Incremental Music Learning with Sparse Ensemble Coding for Regeneration

Cheolho Han, Byoung-Hee Kim, and Byoung-Tak Zhang


In this paper, a computational model for musical memory is presented, especially in the perspective of long-term memory for recall. Studies from music psychology propose that segmentation is a foundation for the establishment of long-term memory representation (Synder, 2009). To build a recall memory for symbolic music, researchers have introduced these segmentation-based models, including n-gram based language models and variable-order Markov models. Usual variable-order Markov model for symbolic sequences builds a dictionary tree structure in which frequencies of partial sequences are encoded. In this paper, a sparse ensemble coding scheme is presented in which only a small subset of variable-length sequences are stored in a sparse coding manner. As the representation for melodies, we apply interval-based coding for pitches and 1/8 quantization in durations. The rationale behind this is that the relative pitches rather than absolute pitches are important in music and the set of 1/8-quantized durations are enough so that any duration in usual music belongs to the set.
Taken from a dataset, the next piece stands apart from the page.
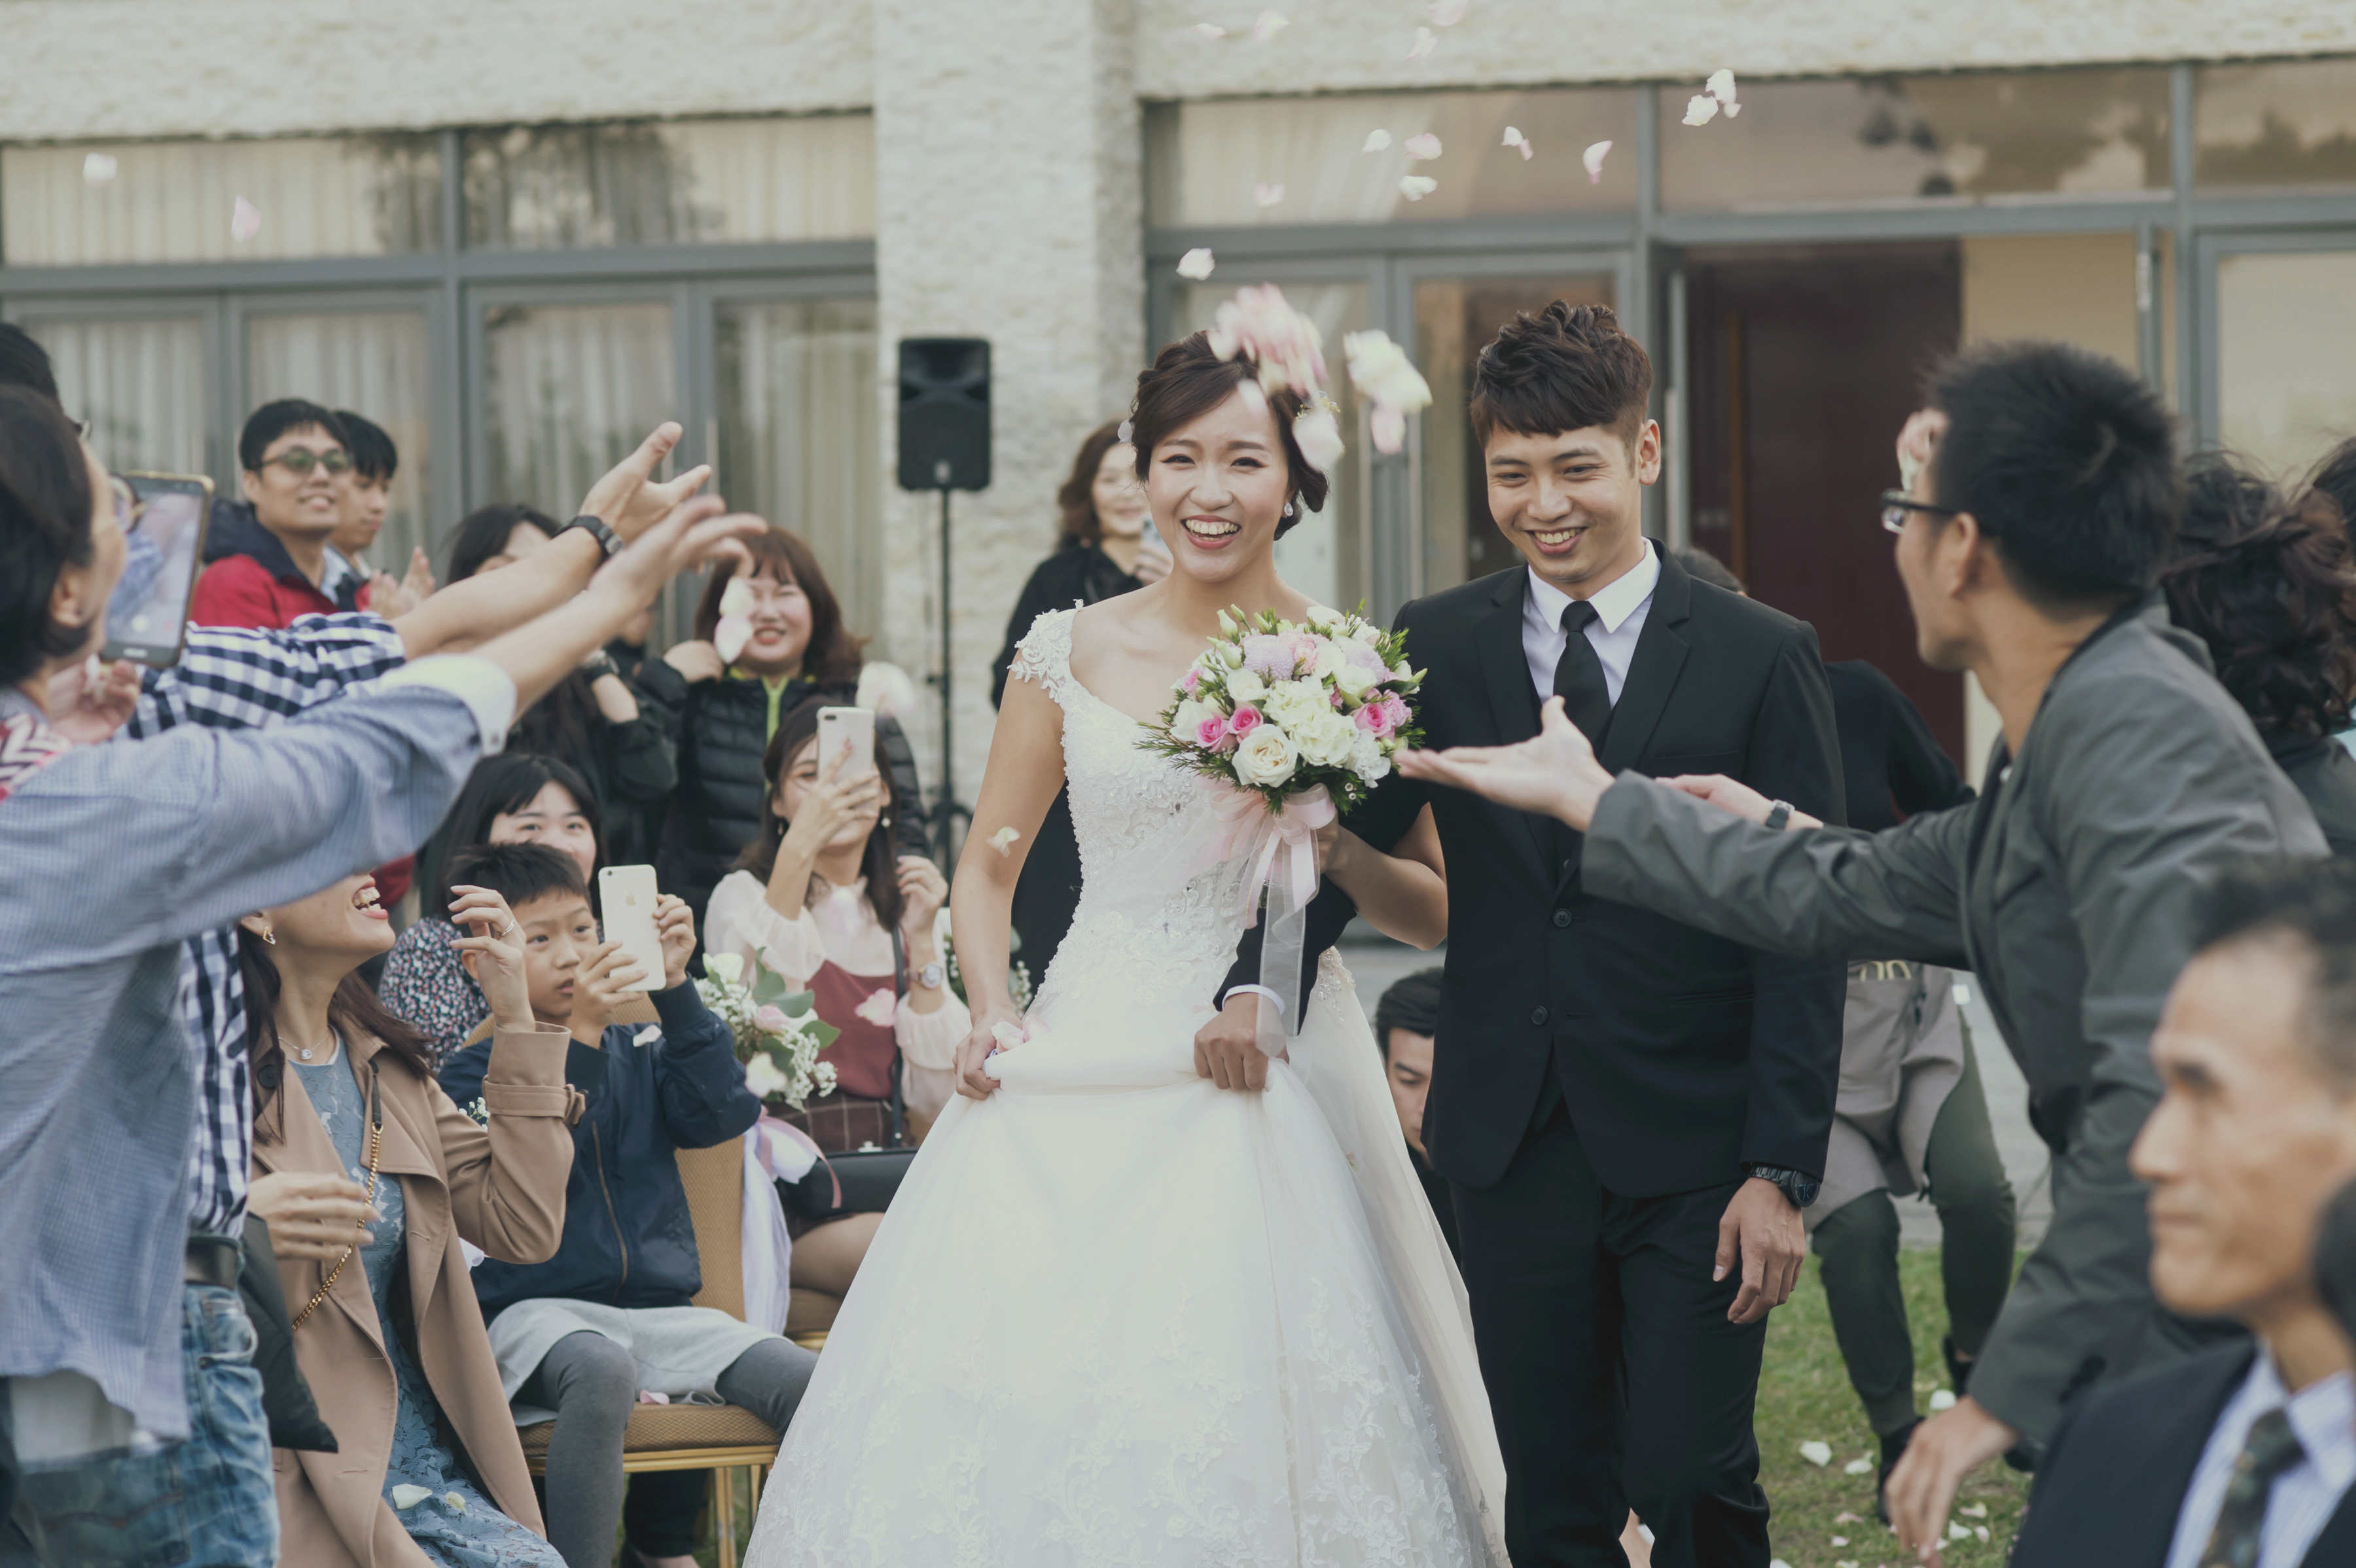 BACON, 攝影服務說明, 婚禮紀錄, 婚攝, 婚禮攝影, 婚攝培根, 南方莊園, BACON IMAGE, 戶外證婚儀式, 一巧攝影
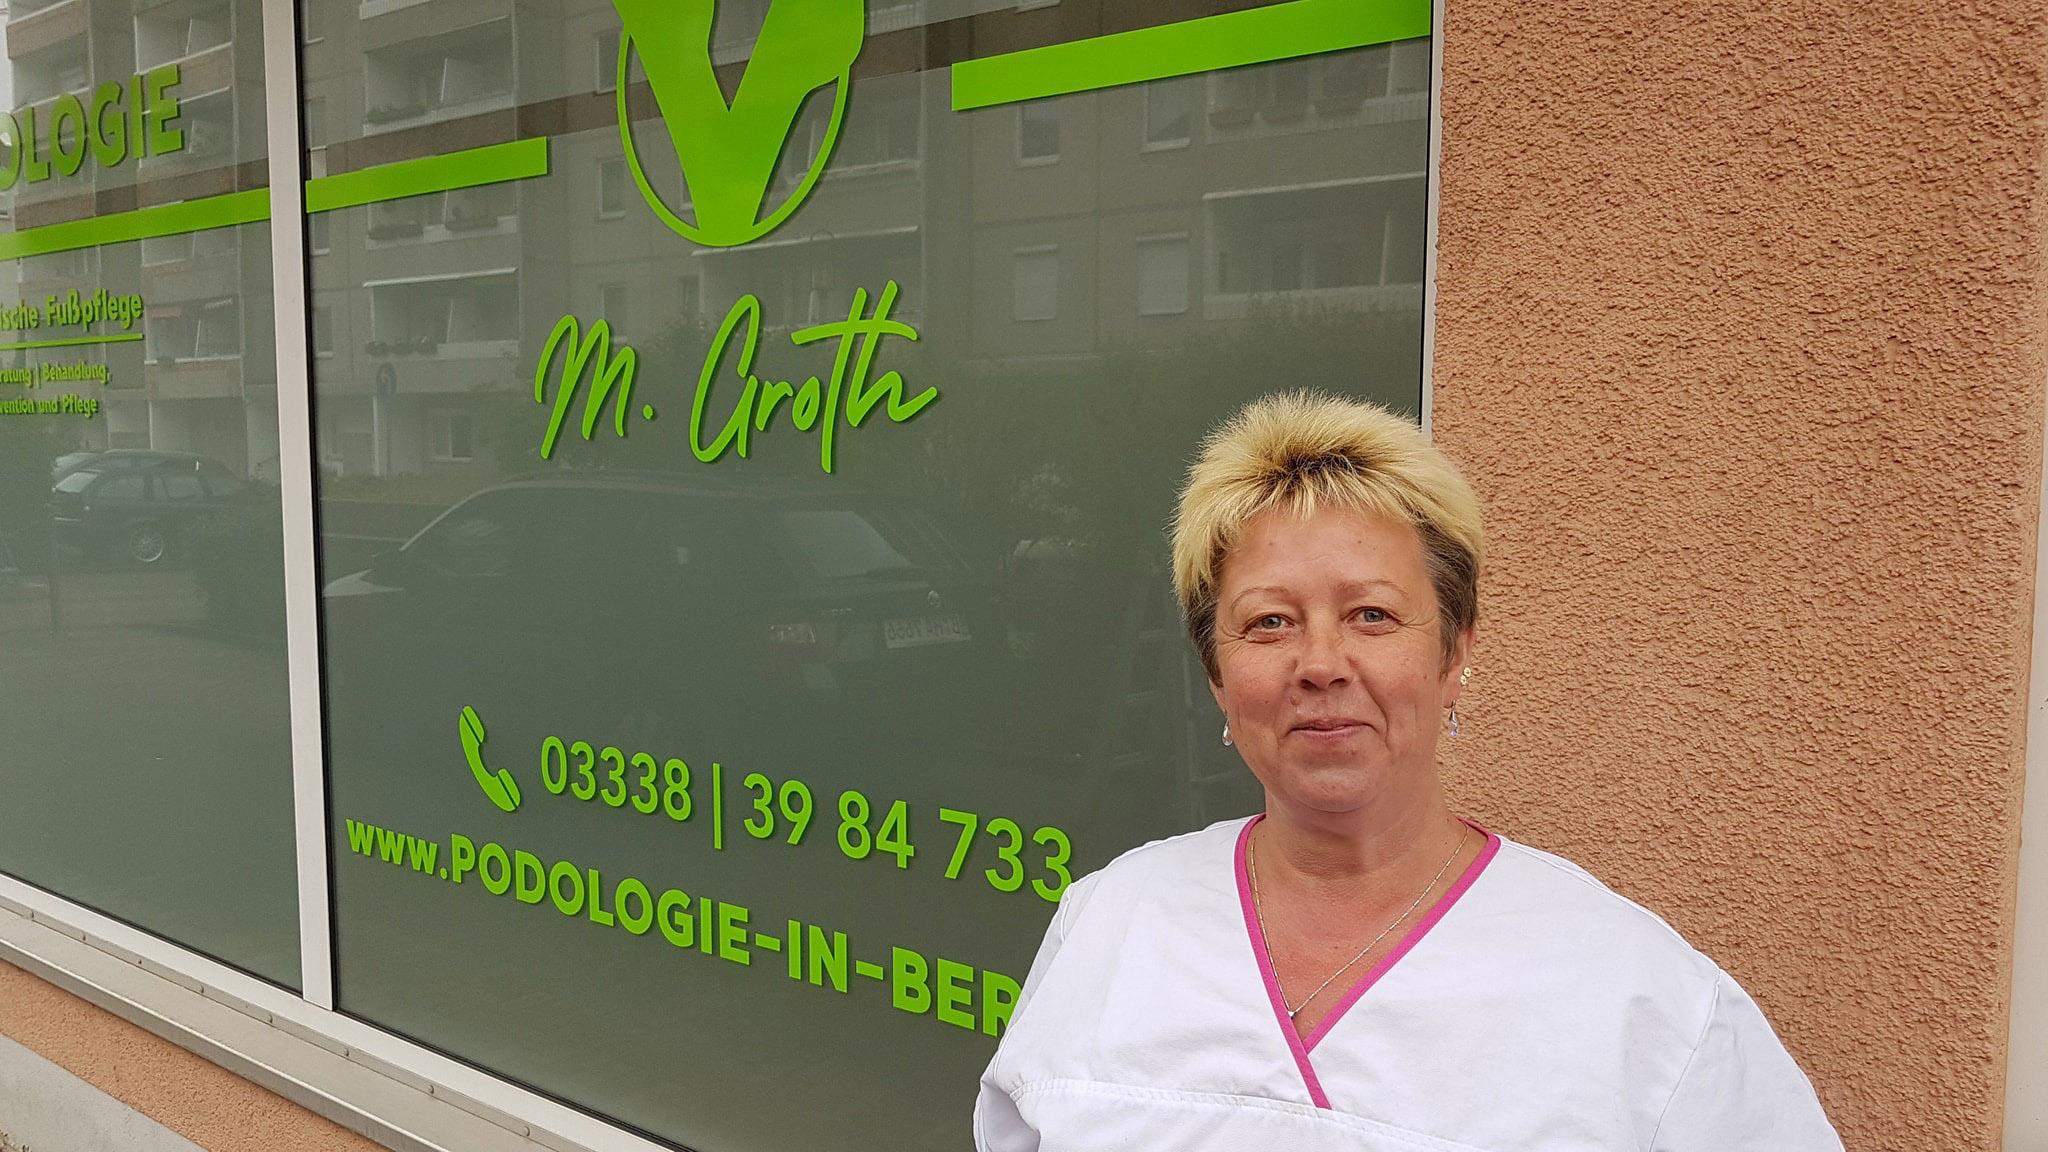 Podologie und medizinische Fusspflege von Manuela Groth in Bernau bei Berlin

Additional incremental learning scheme is suggested. We apply the suggested method to learning a set of music and regenerating pieces of music when some cue sequences are given as seeds. Based on pop song melody dataset of MIDI format, we try to search the capacity of the model that can regenerate various sequences successfully and experimentally check sudden changes of model structures and related parameters around the boundary condition. Considering that most theories of the structure of long-term representations of music use the concept of hierarchy to varying degrees (Synder, 2009), we may add additional contour-based representation for pitches (up and down) and durations (increase and decrease).